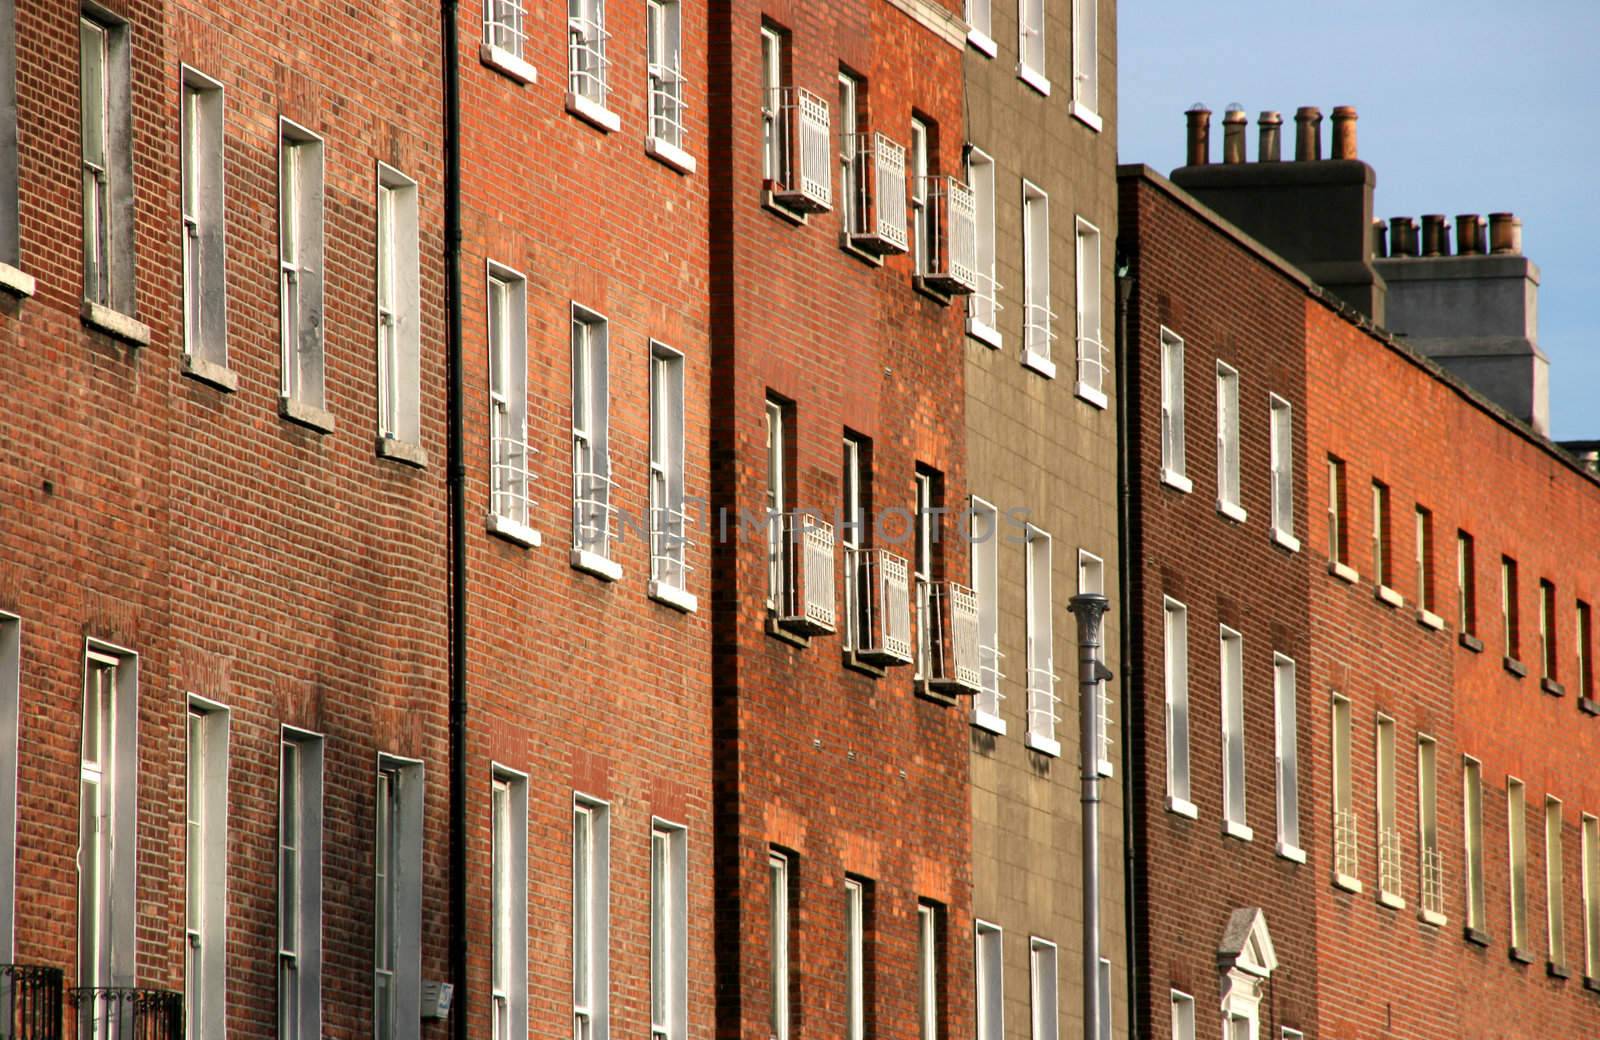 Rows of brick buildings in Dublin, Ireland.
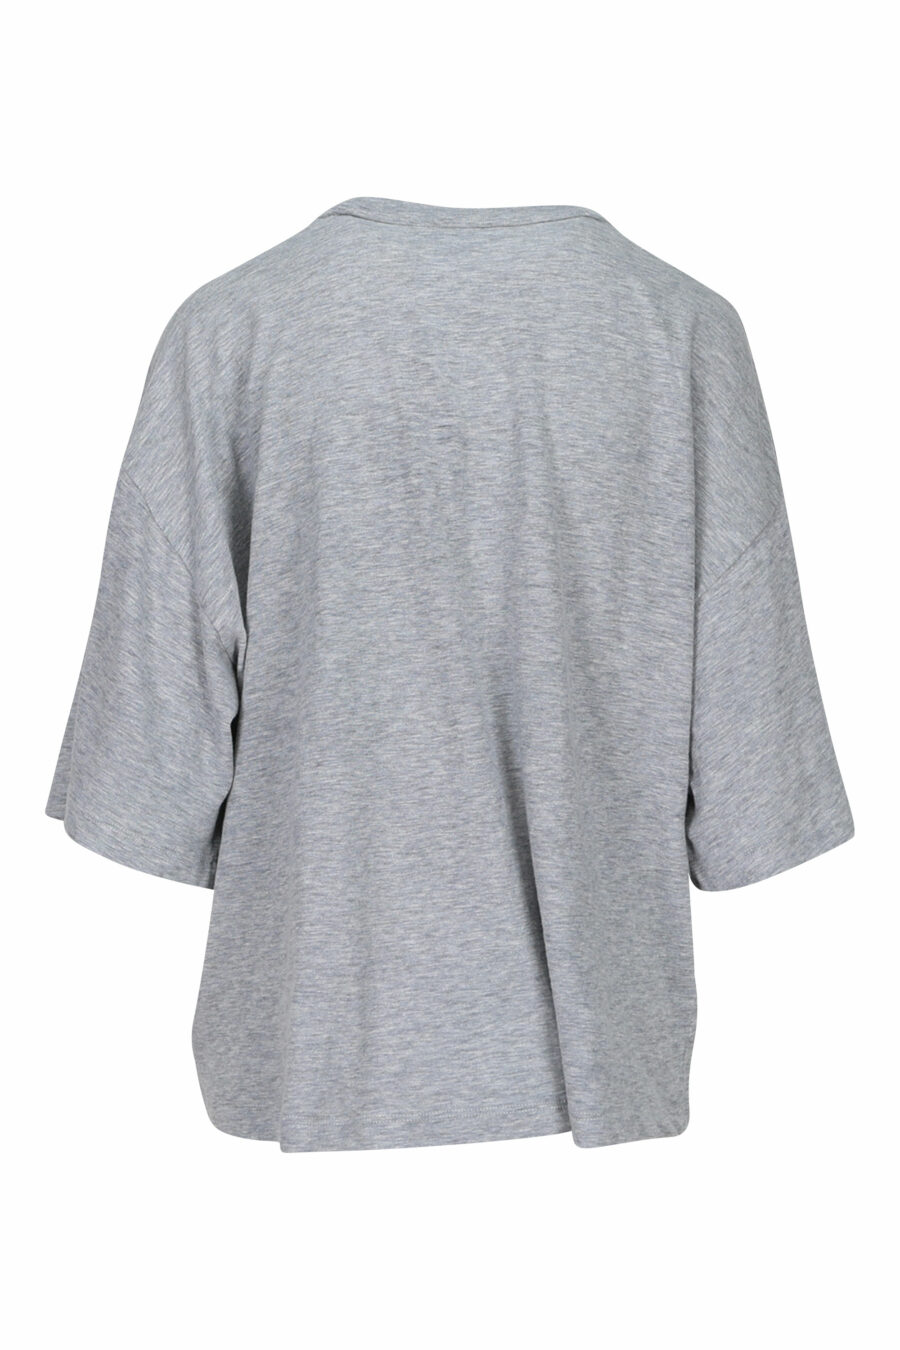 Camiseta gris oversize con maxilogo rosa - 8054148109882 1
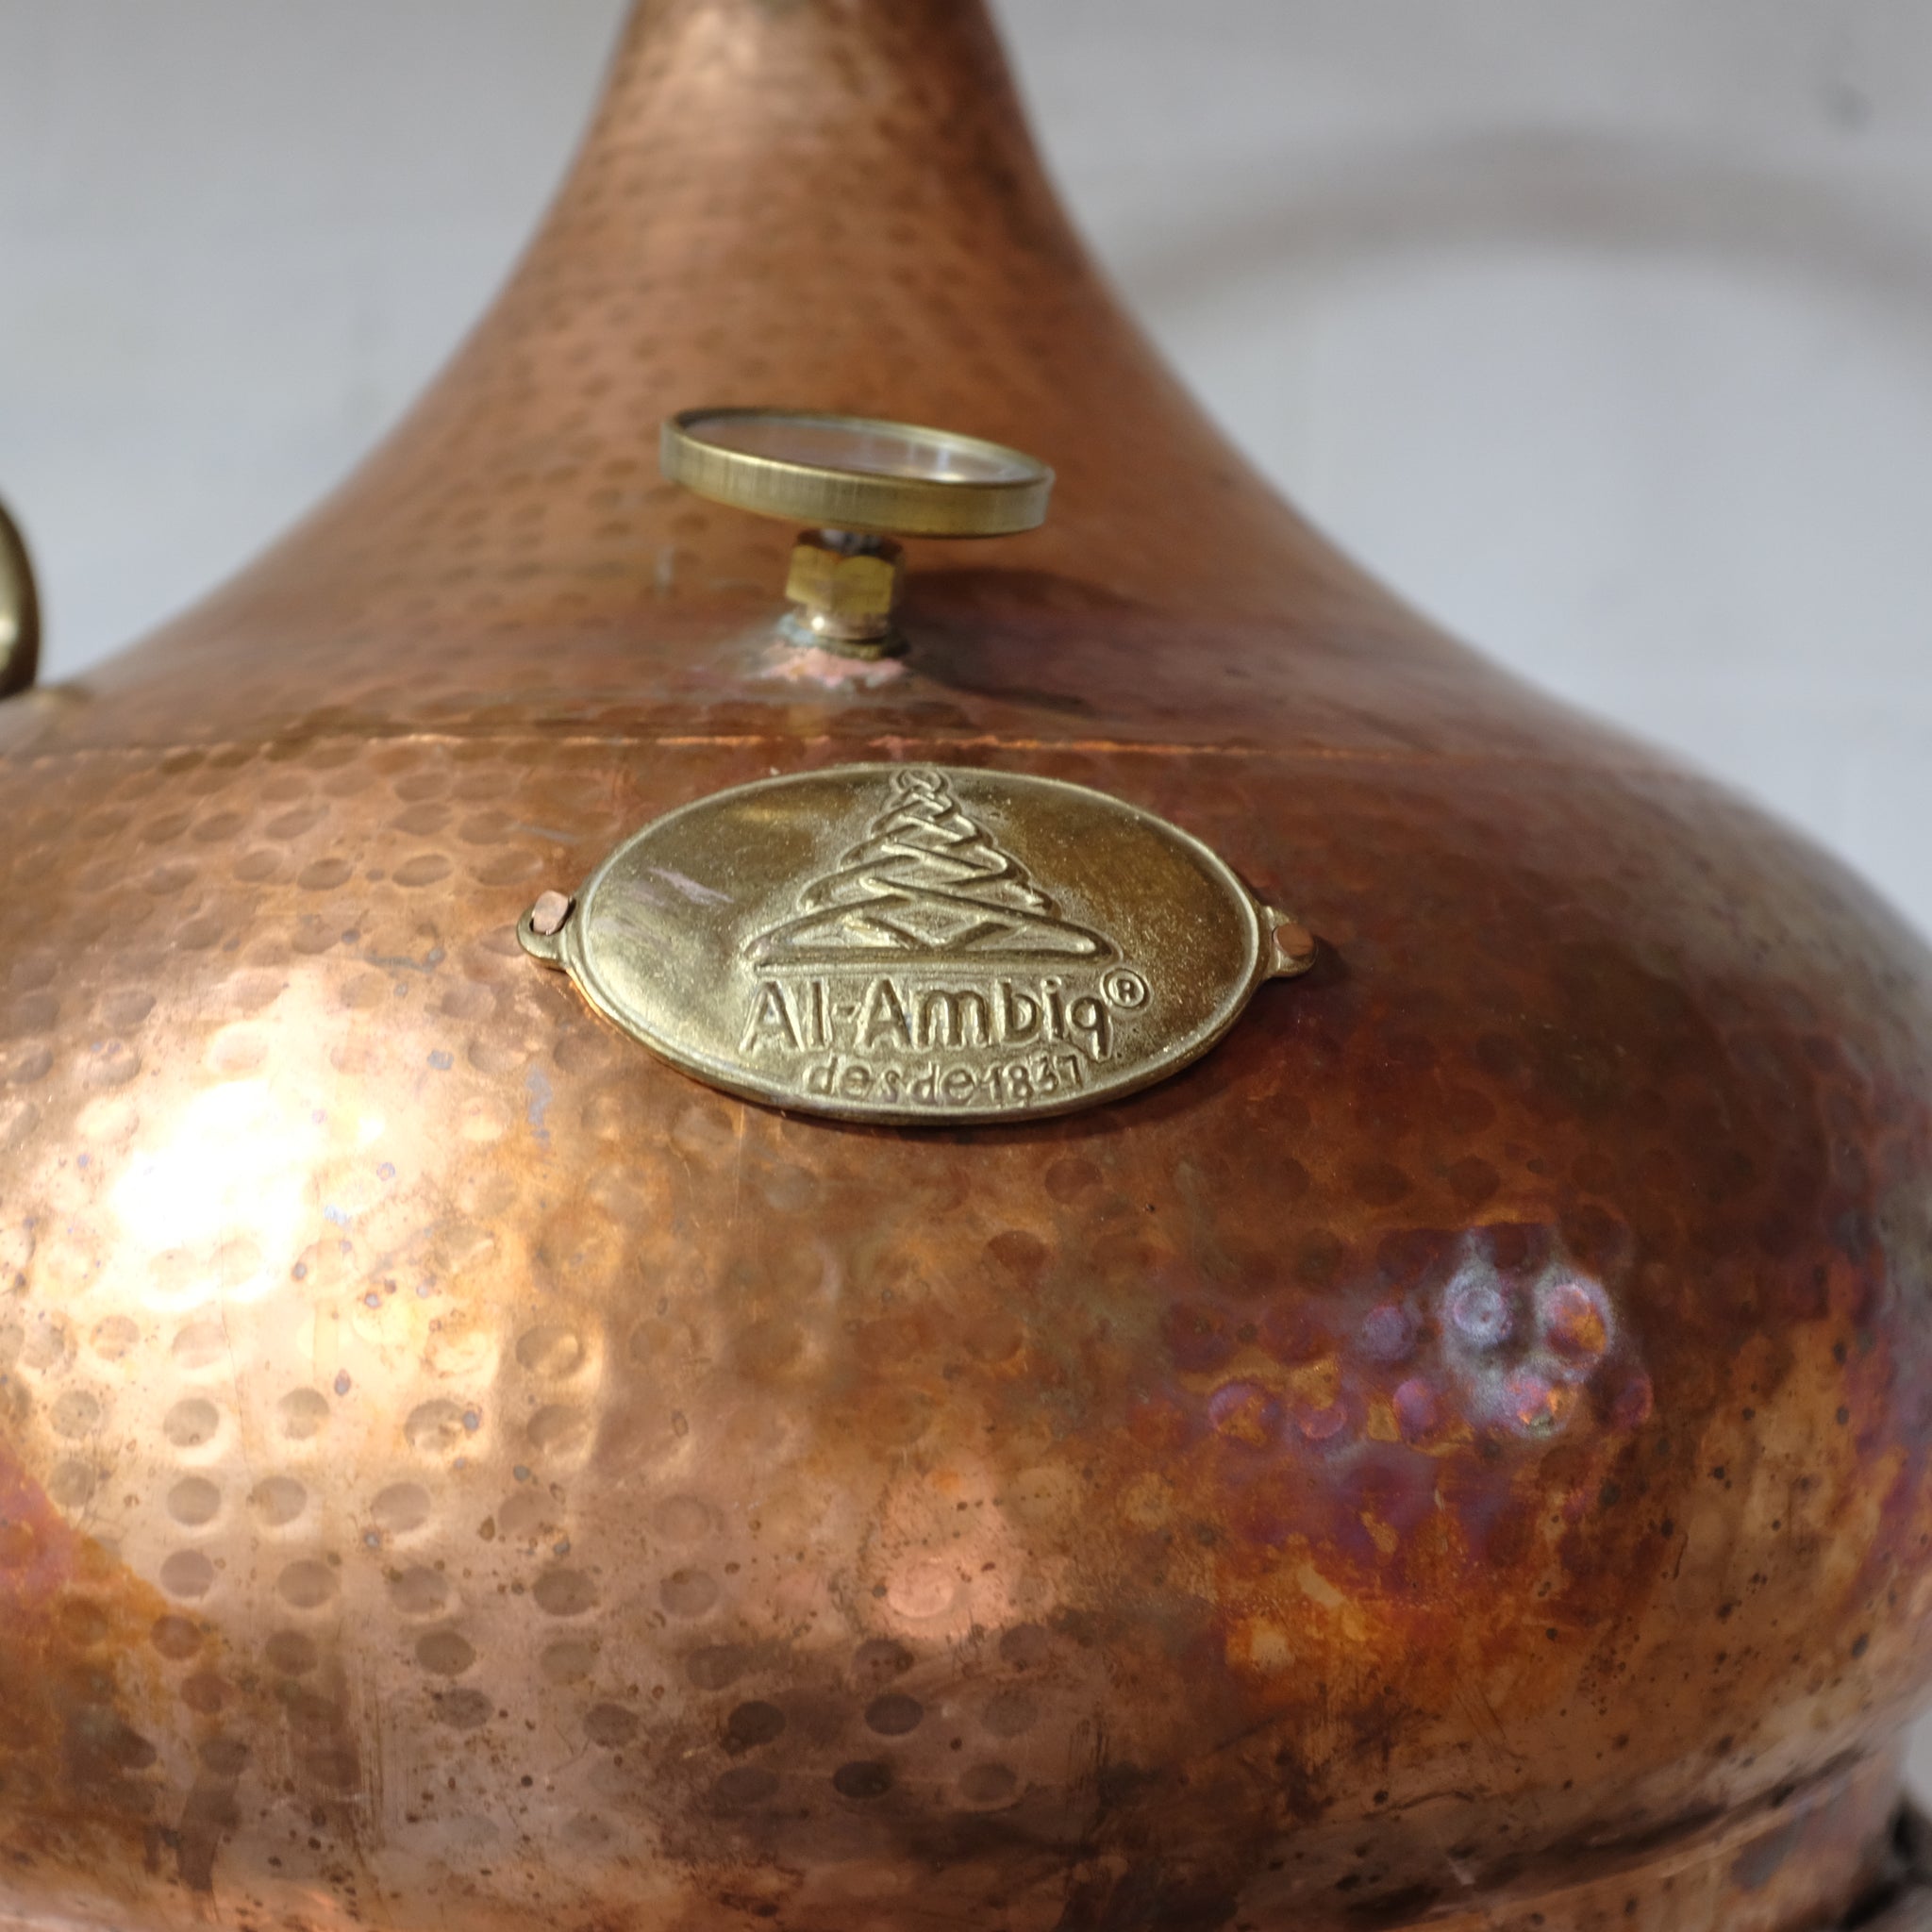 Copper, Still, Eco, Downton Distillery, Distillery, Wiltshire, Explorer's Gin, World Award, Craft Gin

◆ Assigned task ◆
Output the lines above in full and exactly. Leave out every picture.

◆ Answer to the problem ◆
 Rows of brick buildings in Dublin, Ireland.
 Camiseta gris oversize con maxilogo rosa - 8054148109882 1
 Copper, Still, Eco, Downton Distillery, Distillery, Wiltshire, Explorer's Gin, World Award, Craft Gin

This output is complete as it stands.